A fair comparison can be made to DARE and the War on Drugs. Kids are told that all drugs destroy your mind, sanity, and health, and are all fiercely addictive. We tell them this, I'm convinced, because we know that if you told them the truth about sliding scales of risk and random factors and slippery slopes, nearly all of them would (because of the built-in malfunctions of the adolescent mind) miscalculate risk and get themselves killed. So we lie, and tell them that everything is more instantly deadly than even the worst of it is. They work up the nerve to dabble in the safest stuff, and find out that dabbling in the safest stuff was perfectly harmless. And a large number of them then go on to huff deadly inhalants or get themselves hooked on heroin, and a small but still uncomfortably large number of them end up dead of drug overdose. They were left with no way of knowing which of the risks they were warned about were true, and guessed poorly.
So when, for example, some time around 1880 Walter became obsessed with the idea of deflowering a pre-pubescent girl, he completed the tricky negotiations to find a woman so desperate for money that she would sell her daughter's virginity to him, and that woman helped him hold down her 12 year old girl while he forcibly raped her. This, he documented, left him feeling that he had done something awful and unforgivable. And he had. But he had no language or concepts to explain to him why what he did was bad, and ample social and experiential data to explain why it shouldn't have been. He knows that something he knows about reality must be in error, but with no basis for comparison and nobody to discuss it with who wasn't lying to him, equally mistaken, or both he has nothing he can do with this information other than leave it for us to analyze and decode. And that is why people and places who tolerated all other porn were terrified of My Secret Life. The thought of a million, or a hundred million, or a billion people performing the same experiments that "Walter" did and then openly discussing those experiments terrified them beyond all rational comprehension.
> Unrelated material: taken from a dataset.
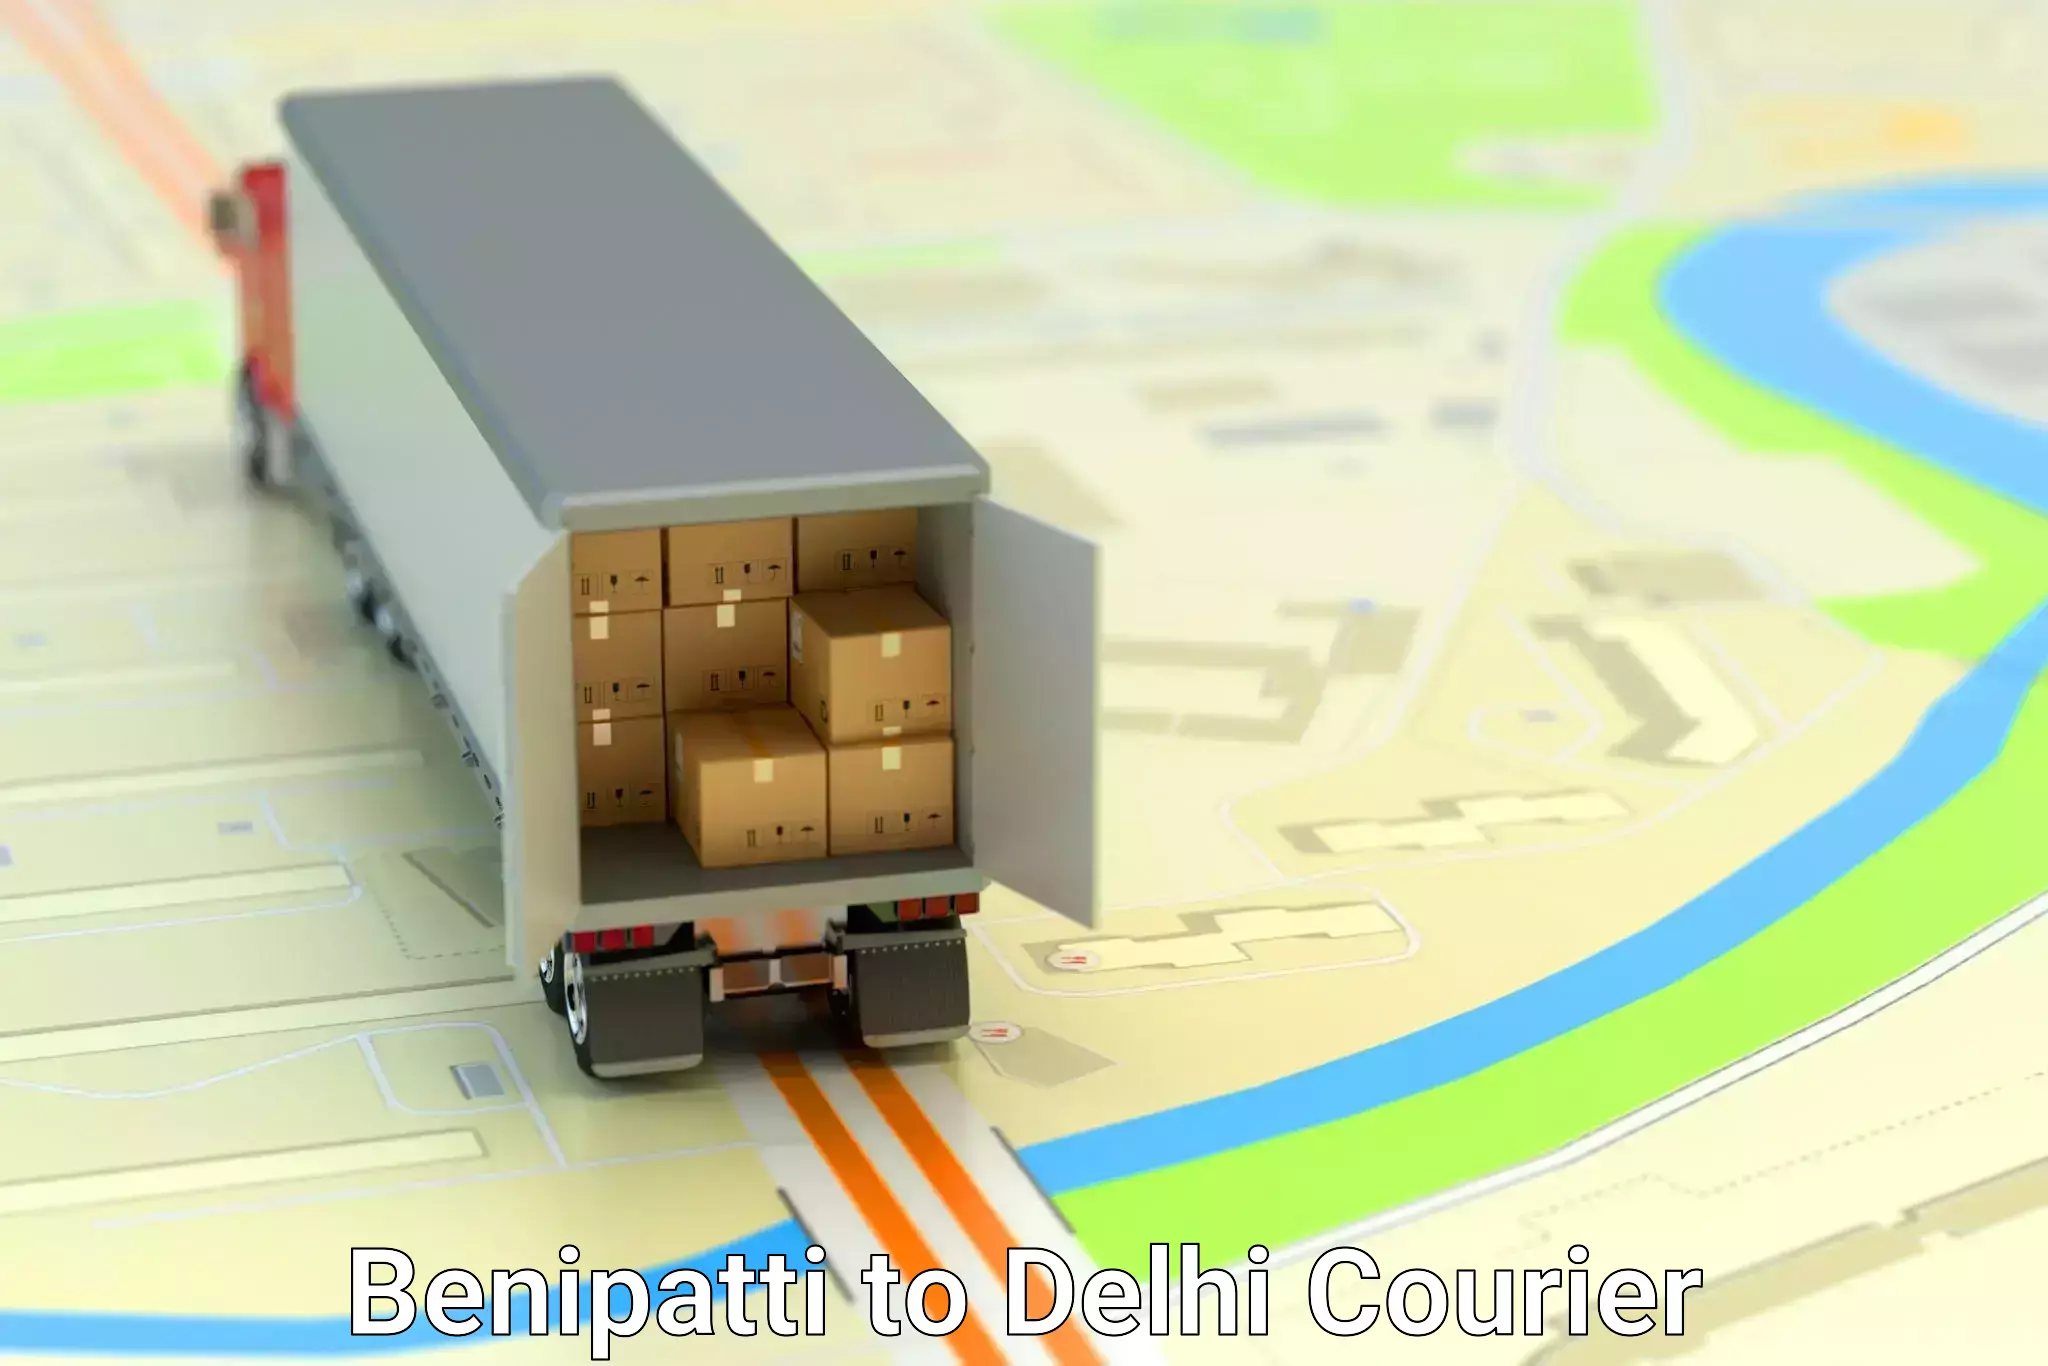 Comprehensive relocation services Benipatti to NIT Delhi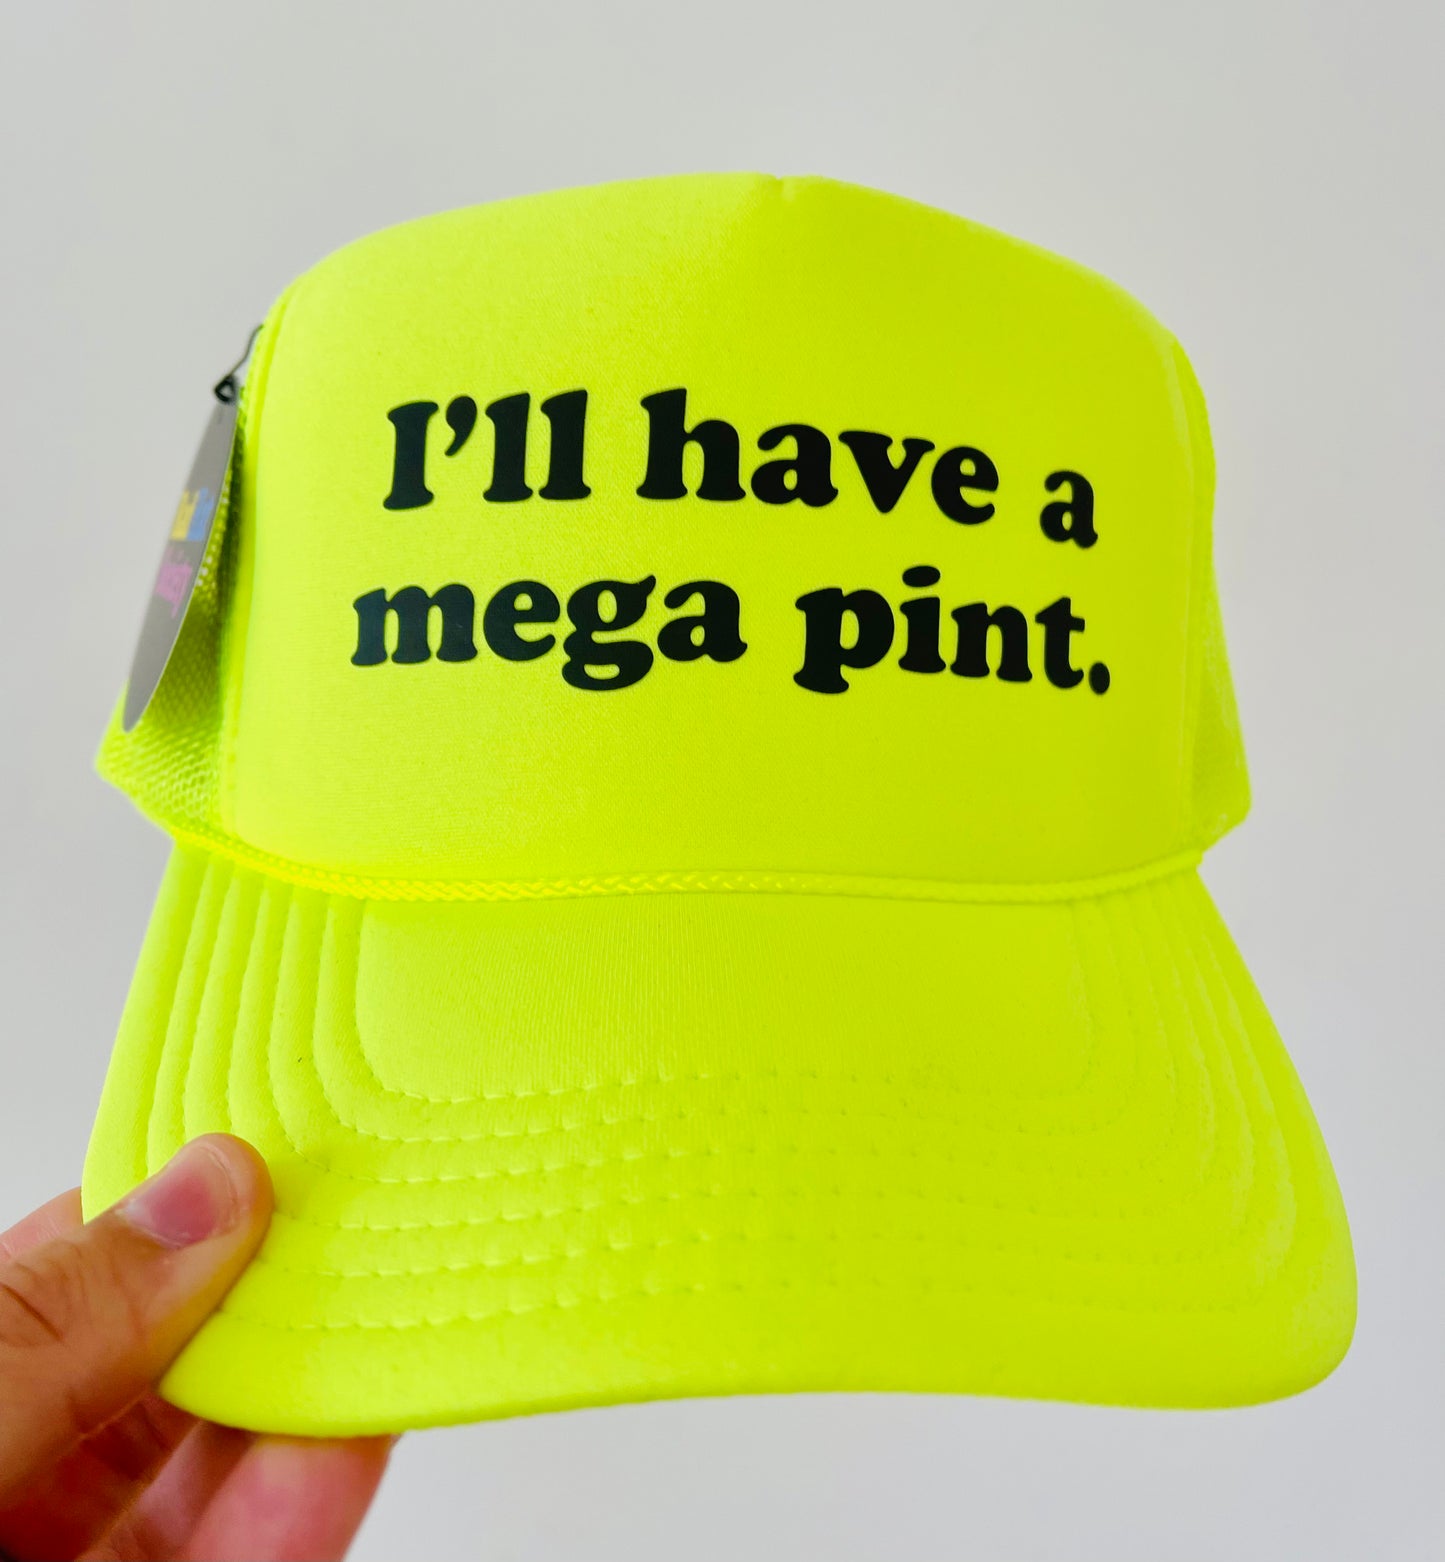 I’ll have a mega pint. (Johnny Depp)

And, you should not be surprised to find out, the whole thing in its entirety is available on the Internet for free. (Clearly uploaded via optical character recognition; it's completely strewn with the kind of typos that OCR software makes.) Just as the Necronomicon would be, if it had been real. It's up to us to figure out how we're going to live in a world where anybody who wants to read Walter's experiences and wonder about whether or not to replicate the experiment cannot be stopped from doing so.